Она вскочила, взглянула на дверь.

— Здесь и снизу заперто: тш! — сказал он. — Мы одни… выслушайте меня…

— Что это значит? — спросила Поликсена. — Как смеете вы?..

Бехлешов протянул ей букет.

— Райский цветник, волшебница! — шептал он, не сходя с места. — Сна нет, страдаю, томлюсь…

— Роман! — усмехнулась Пчёлкина. — Но довольно! Идите, сударь; не вас мне жаль — вашей жены…

— Королева! зорька моя! — сказал, опускаясь перед ней на колено, Бехлешов. — Клянусь тебе, люблю… убей, только выслушай… Всё бери, деньги, алмазы… Осчастливь, убежим…

Поликсена вспомнила слова ворожеи.

— Всё бери — ничего не пожалею! — шептал Бехлешов, прижимая к груди букет. — Слово только скажи… Семью брошу, службу, хоть на край света с тобой… Озолочу, в кабалу отдамся: сто душ на Урале на тебя отпишу…

Поликсена сложила руки.

— Какое унижение, какой позор! — сказала она с дрожью. — Вон отсюда, слышите? вон! — бешено топнув ногой, продолжала она, указывая на дверь. — Уходите; иначе, не гневайтесь, подниму крик, разбужу весь дом…

Бехлешов подошёл к ней.

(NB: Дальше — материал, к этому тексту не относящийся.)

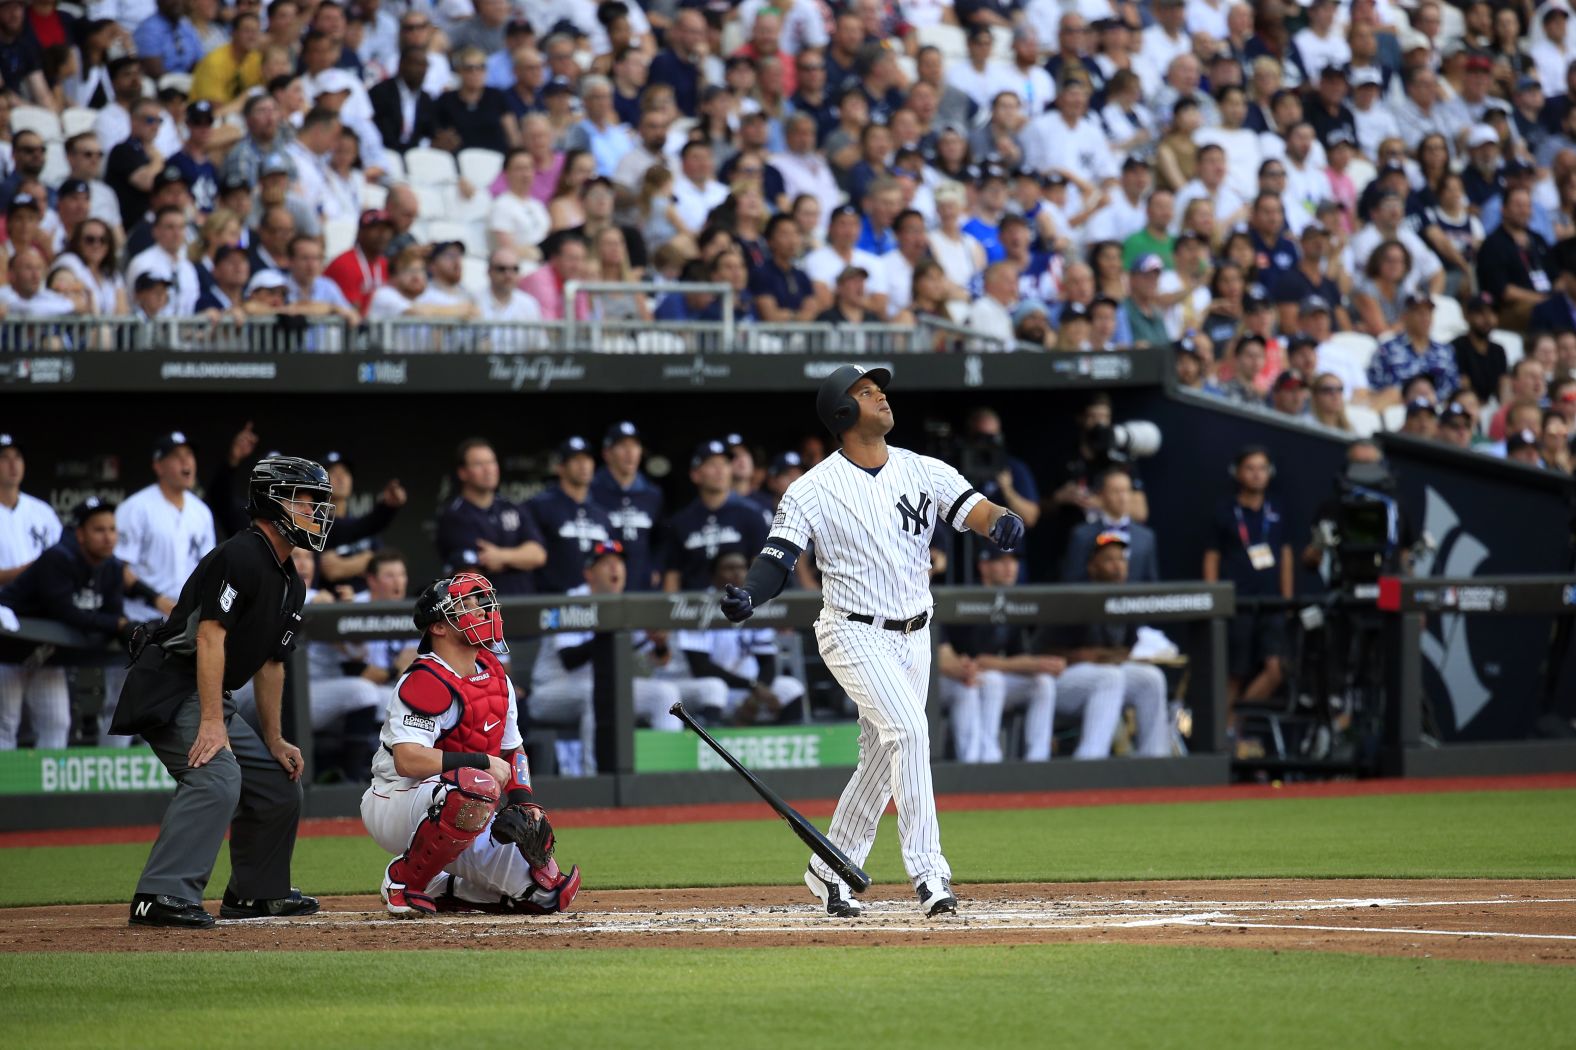 New York Yankees outfielder Aaron Hicks hits a two-run home run in the first inning of game one on June 29.
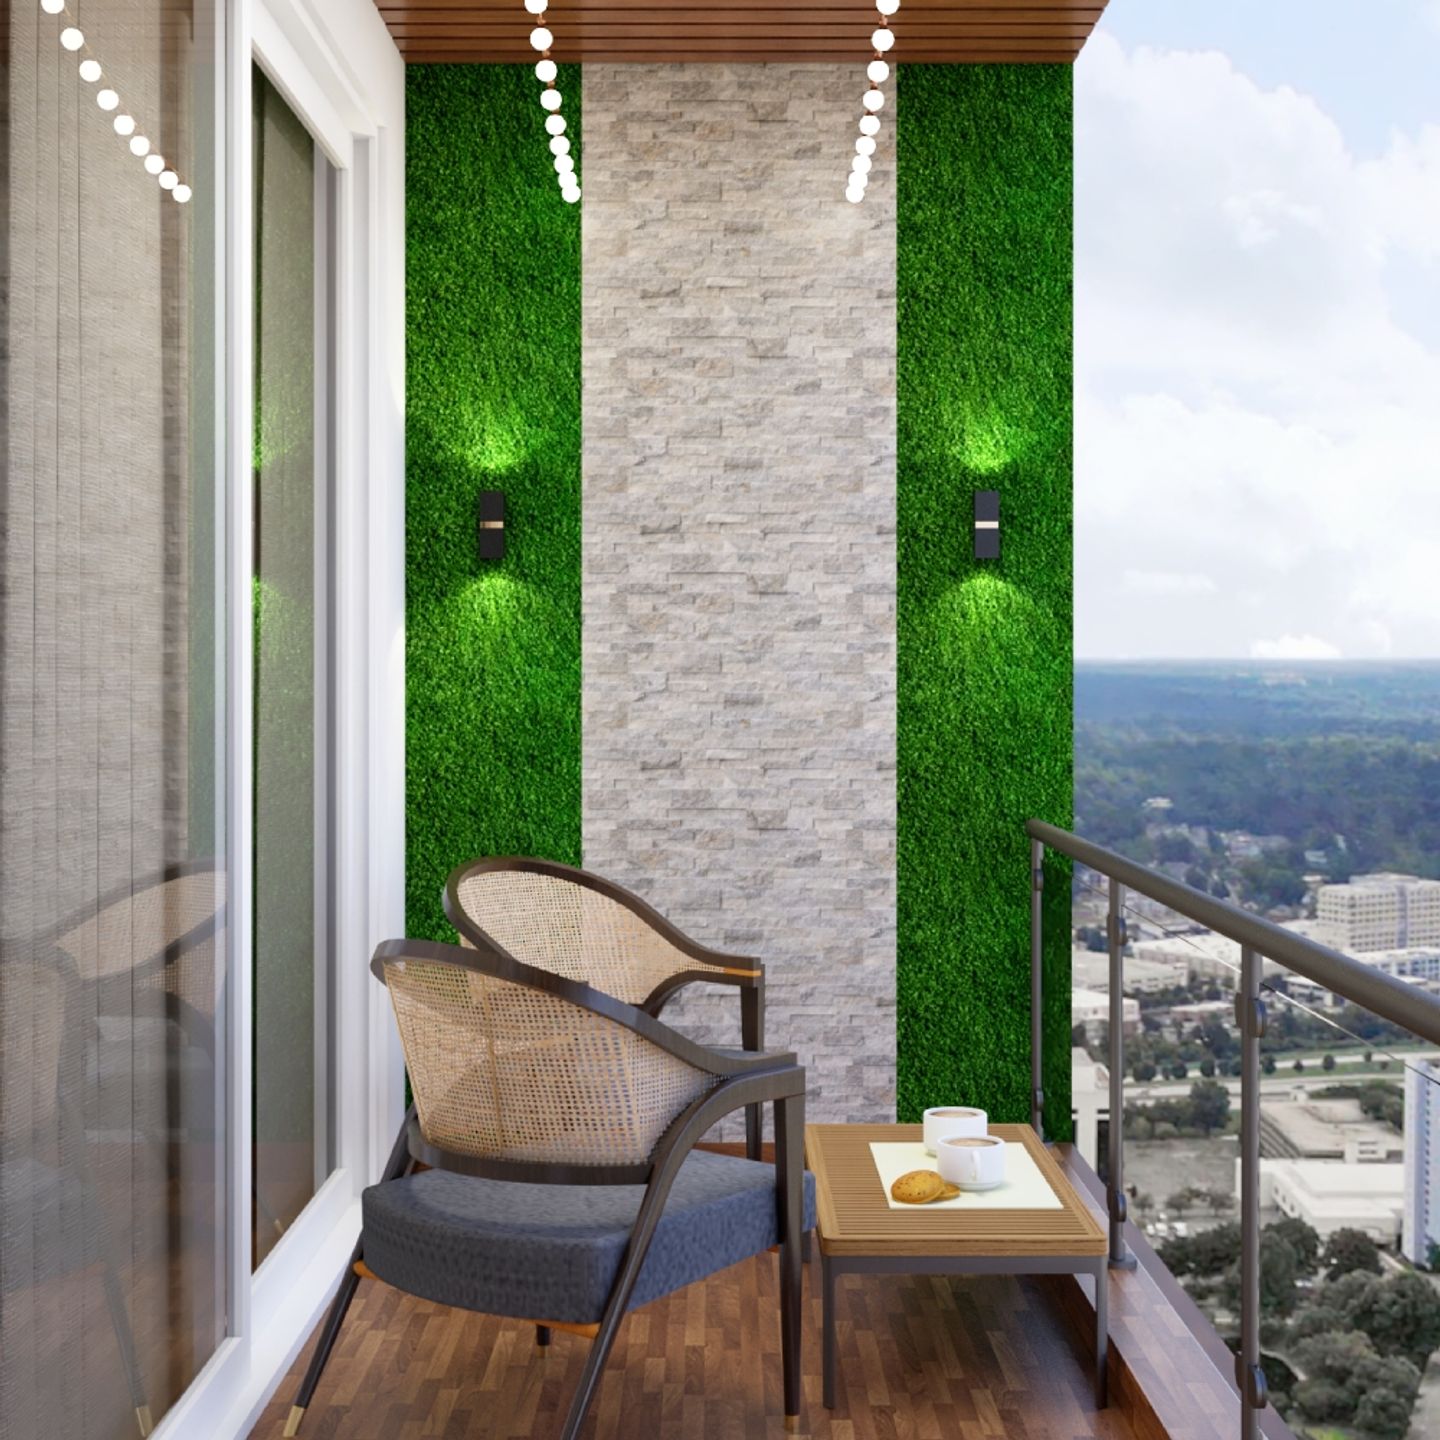 Tropical Balcony Design With Turf Grass And Stone Wallpaper

Она бросилась к окну.

— Шаг сделаете, — вскрикнула она, указывая на окно, — брошусь туда… на вашей душе будет смерть…

— Стойте, стойте, — прошептал Бехлешов, — ужли на том и конец?..

Пчёлкина молчала. Негодующие серые глаза холодно и бешено смотрели на него от окна.

— Будешь меня помнить! — проговорил, уходя, Бехлешов.

Поликсена утром явилась к больной, попросила своё выслуженное жалованье, отперла сундук, взяла свой паспорт, узелок с вещами и сходила на почту. К обеду она вошла в кабинет к Бехлешову. В руках её были книги и газеты. Полковник, сидя у раскрытого бюро, сводил счёты. При входе Пчёлкиной он слегка побледнел, но не оглянулся, будто её не заметил.

— Ошиблись вы, Валерьян Ильич, — почтительно и сдержанно сказала Поликсена, — но более вас ошиблась я сама. Не знала я доподлинно, каковы ноне люди на свете. Теперь знаю… Гнуснее, ничтожнее иного человека — ох, ничего не найдёшь…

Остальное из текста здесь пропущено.